Source data:
»»
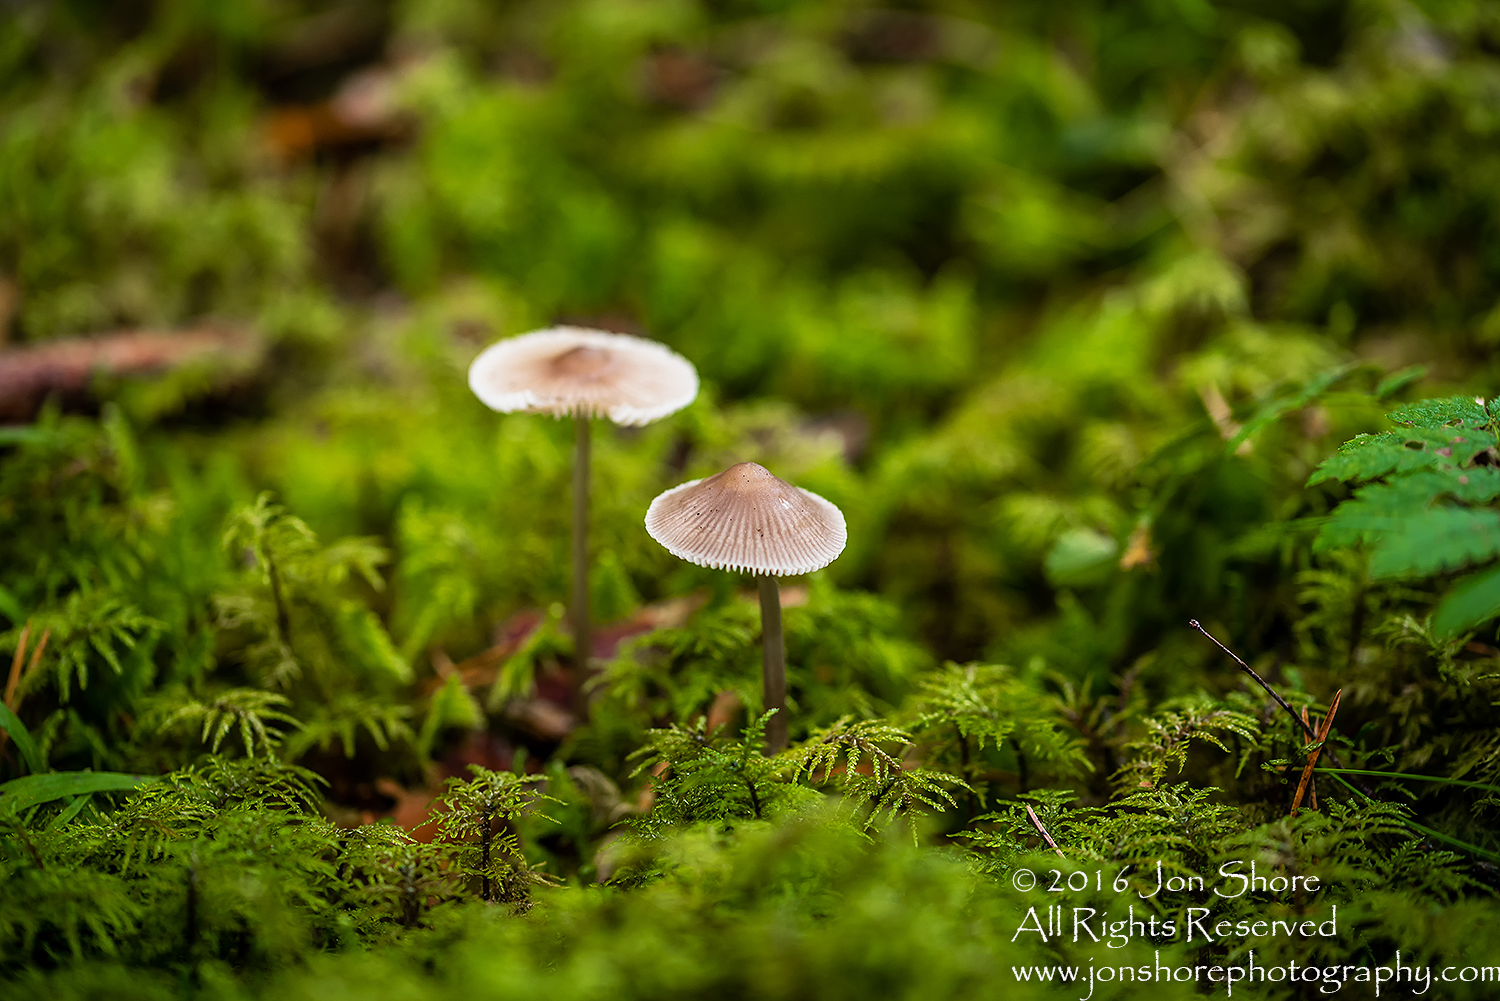 Wild Mushroom Close-up - Roja, Latvia. Tamron 90mm Macro lens
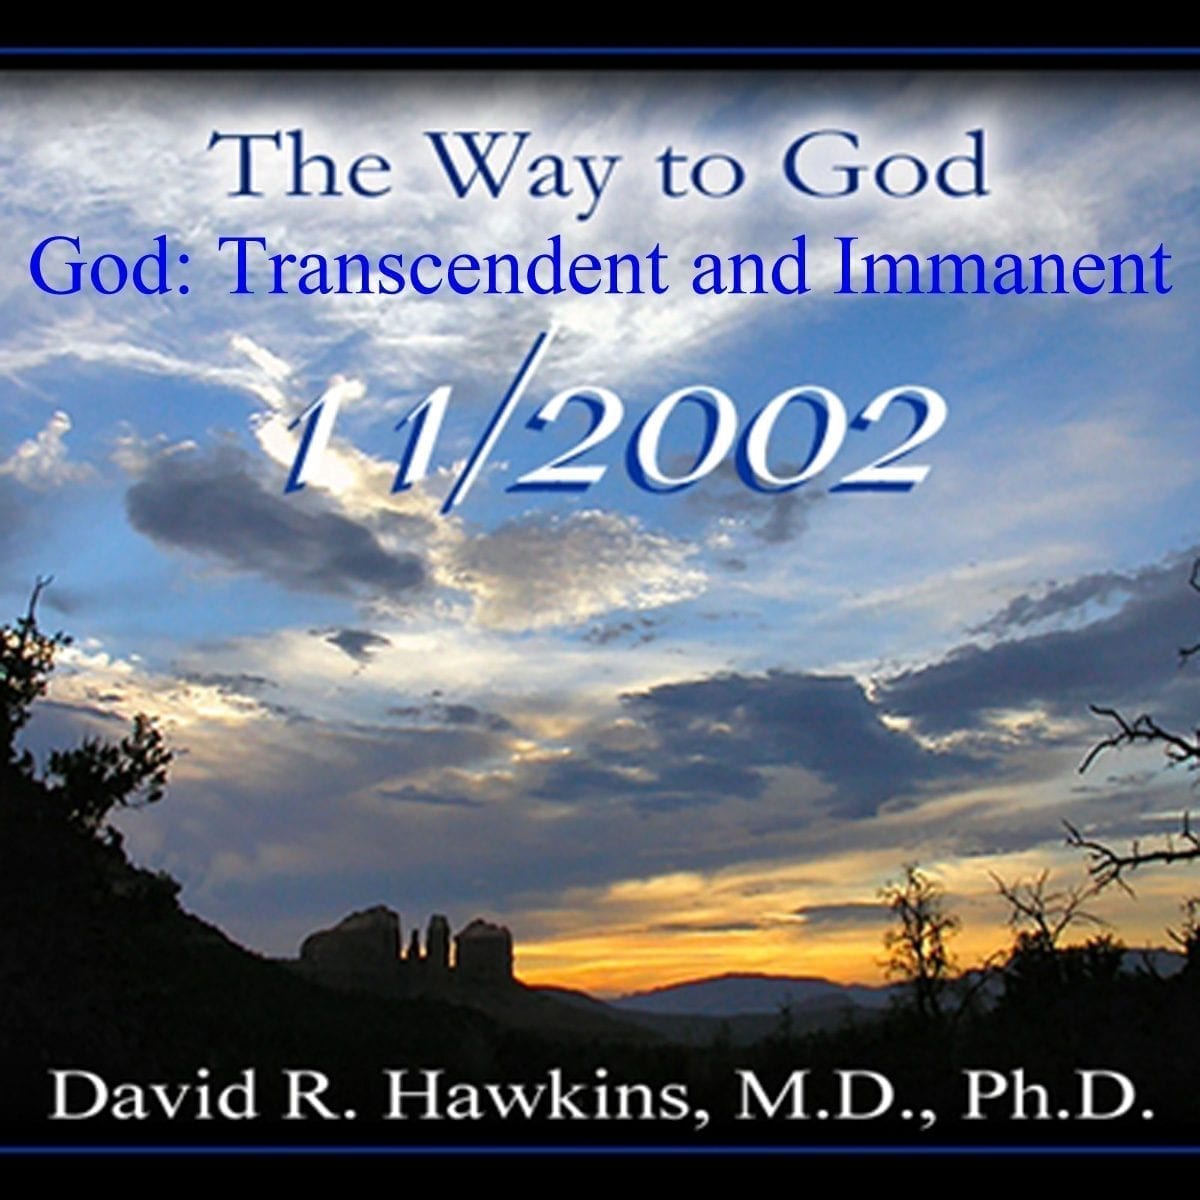 God: Transcendent and Immanent (Nov 2002)
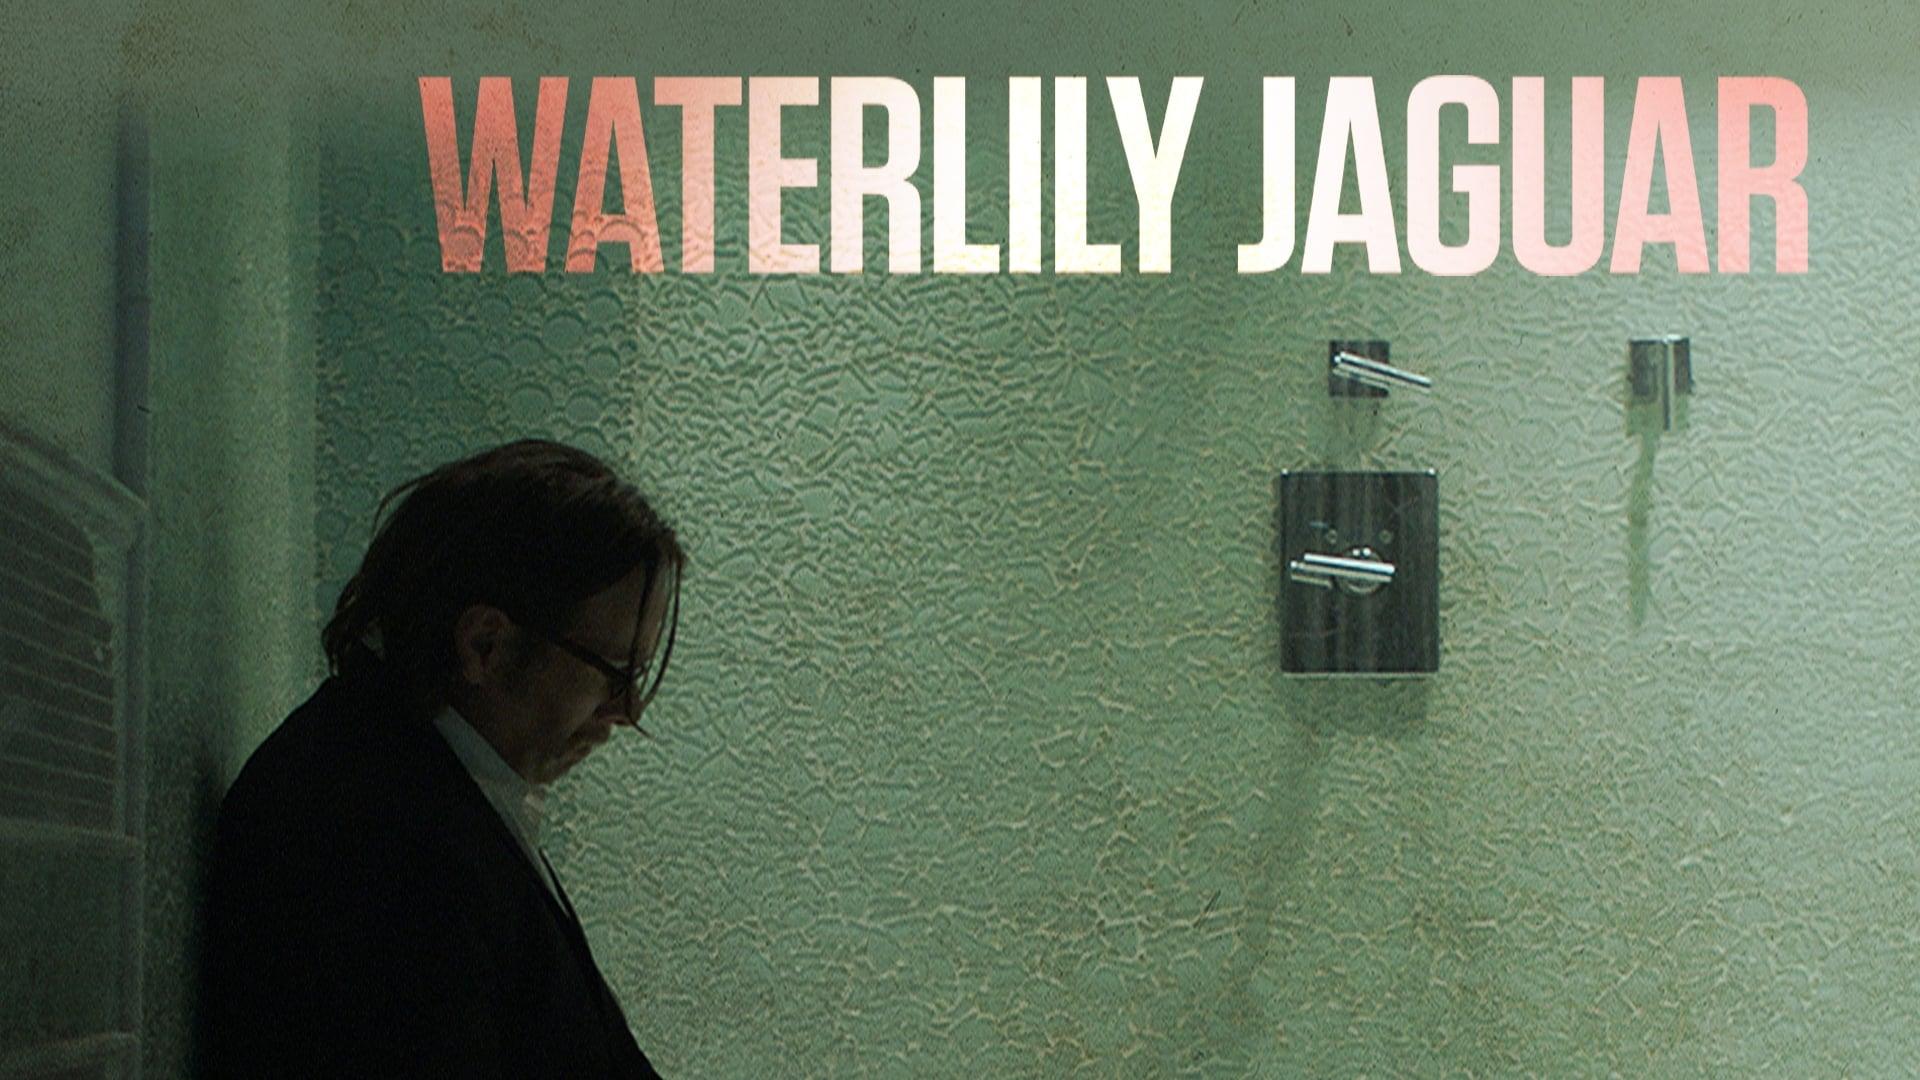 Waterlily Jaguar backdrop
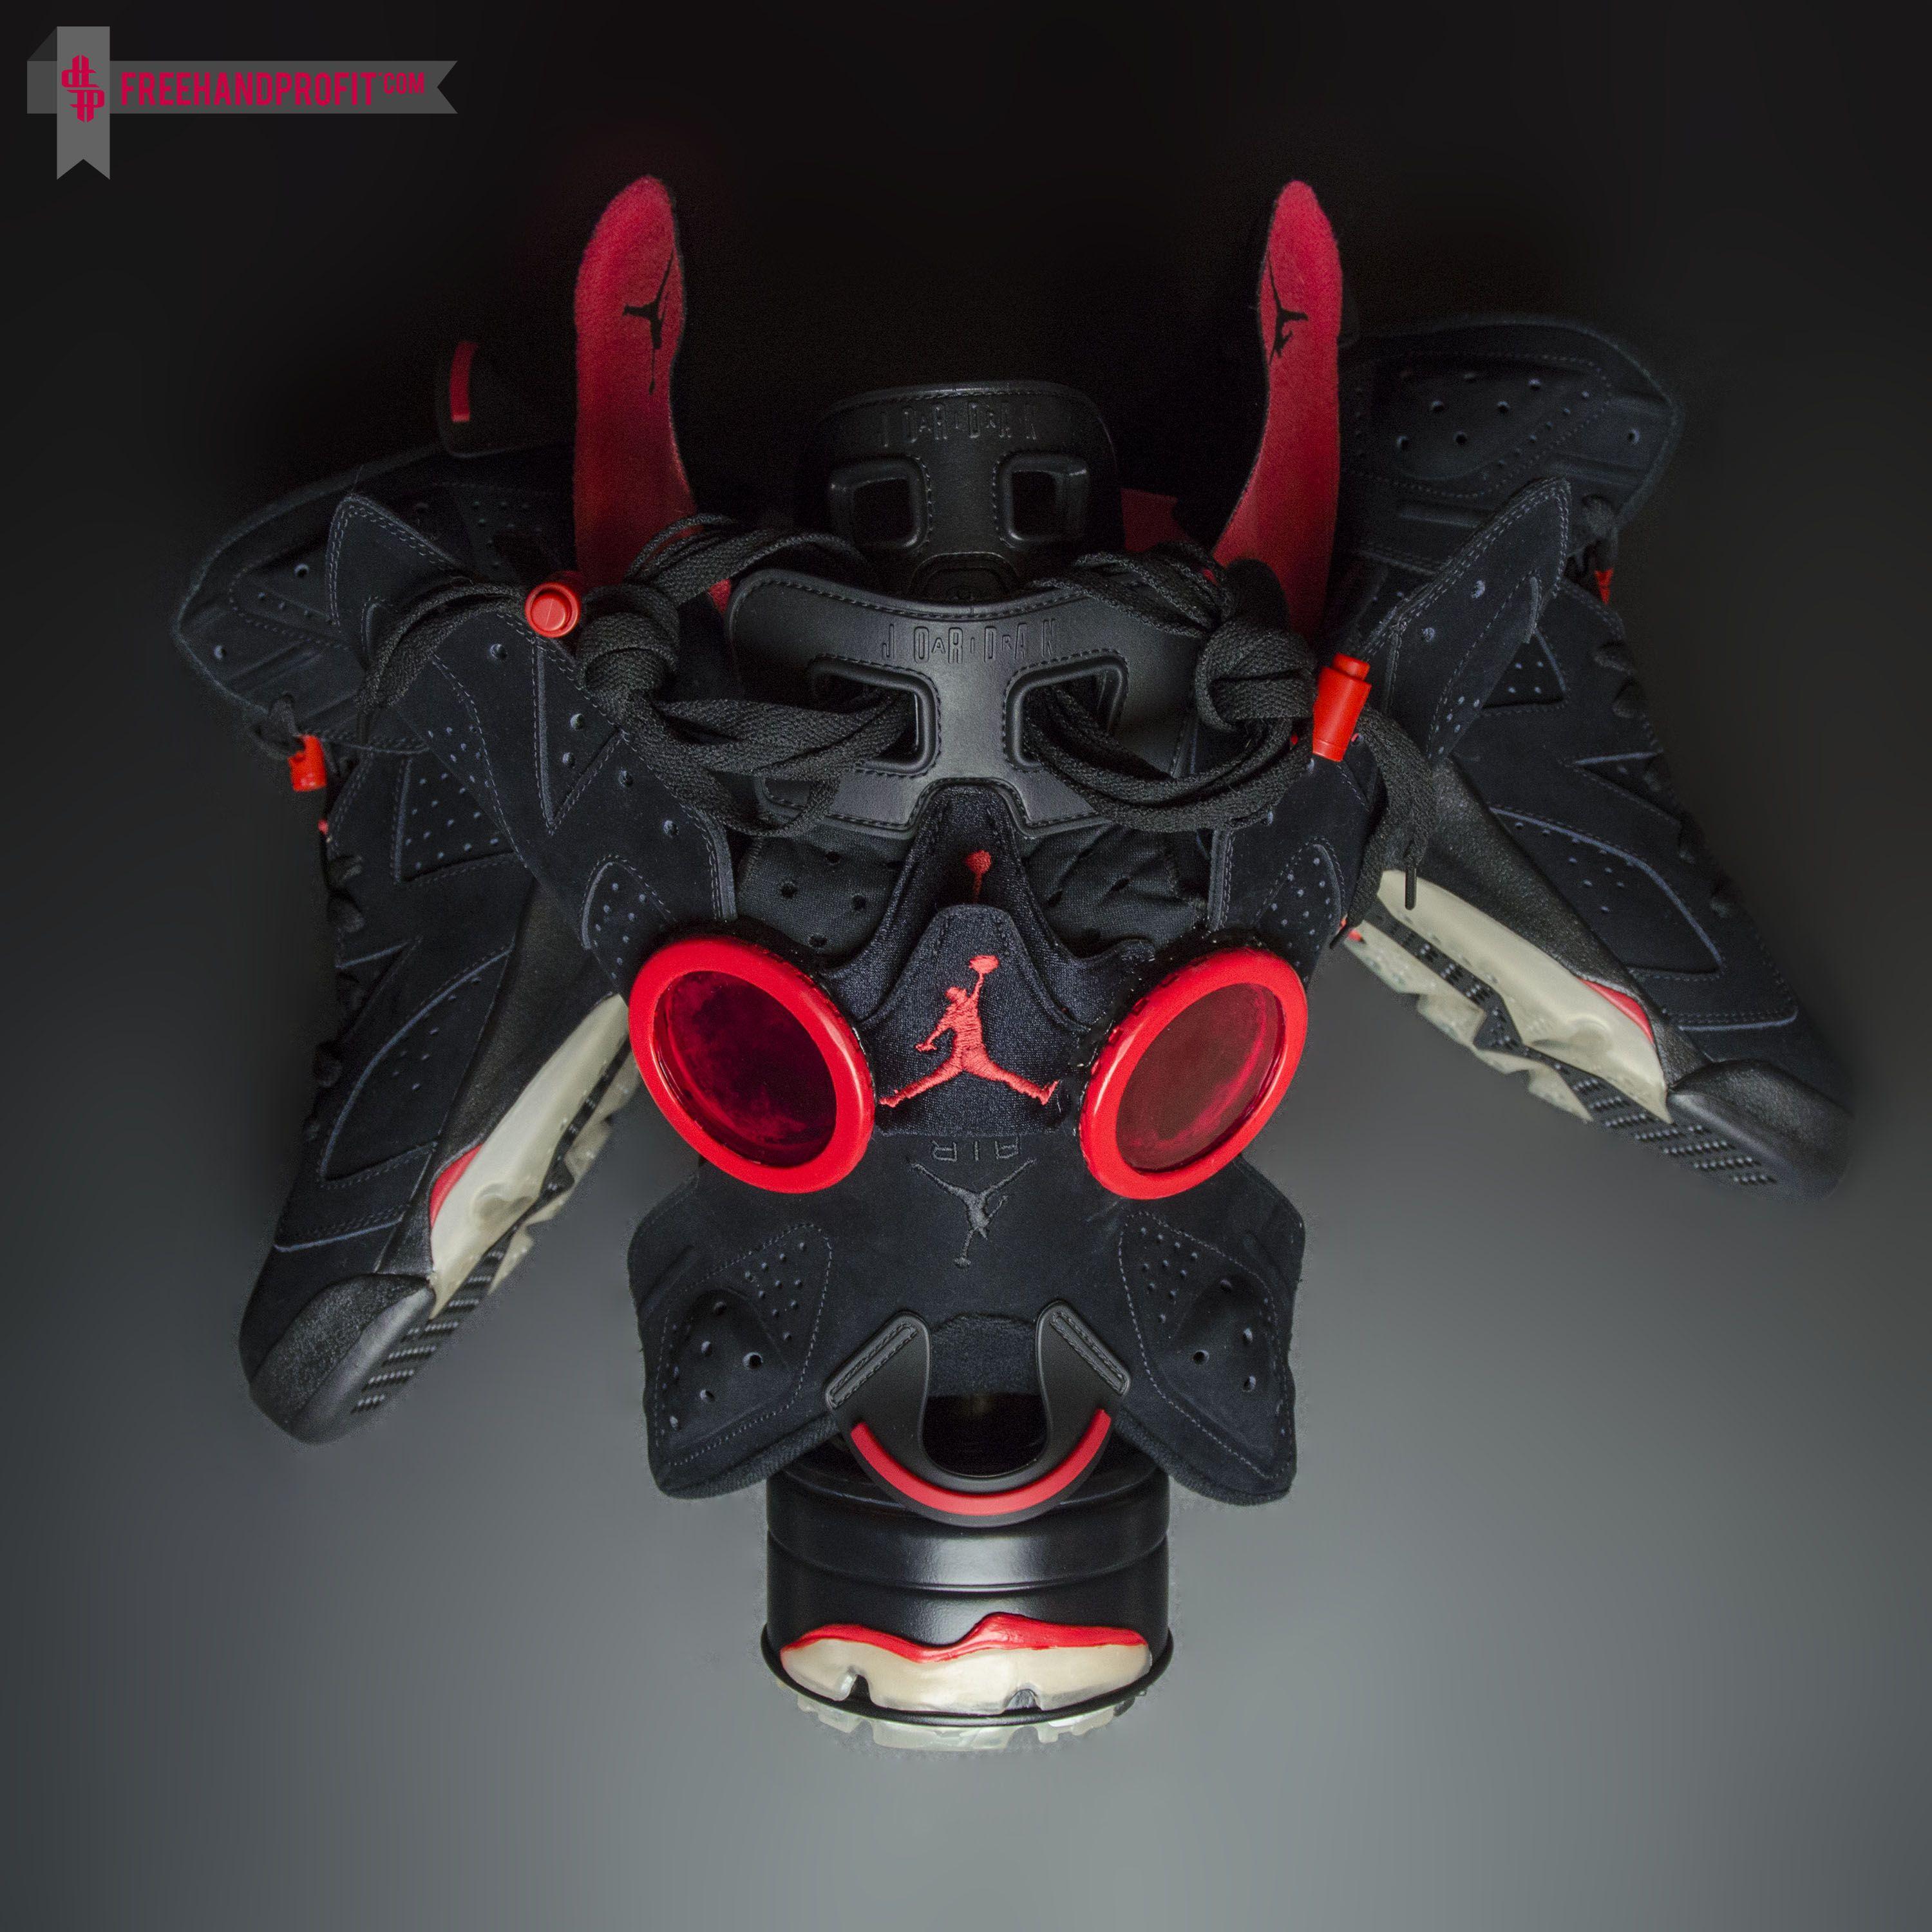 Graffiti Jordan Logo - Air Jordan VI (6) “Black Infrared” Gas Mask
««
Task requirements: Output the data above without changes, apart from leaving out the pictures.

Solution below:
 Wild Mushroom Close-up - Roja, Latvia. Tamron 90mm Macro lens
 God: Transcendent and Immanent (Nov 2002)
 Waterlily Jaguar backdrop
 Graffiti Jordan Logo - Air Jordan VI (6) “Black Infrared” Gas Mask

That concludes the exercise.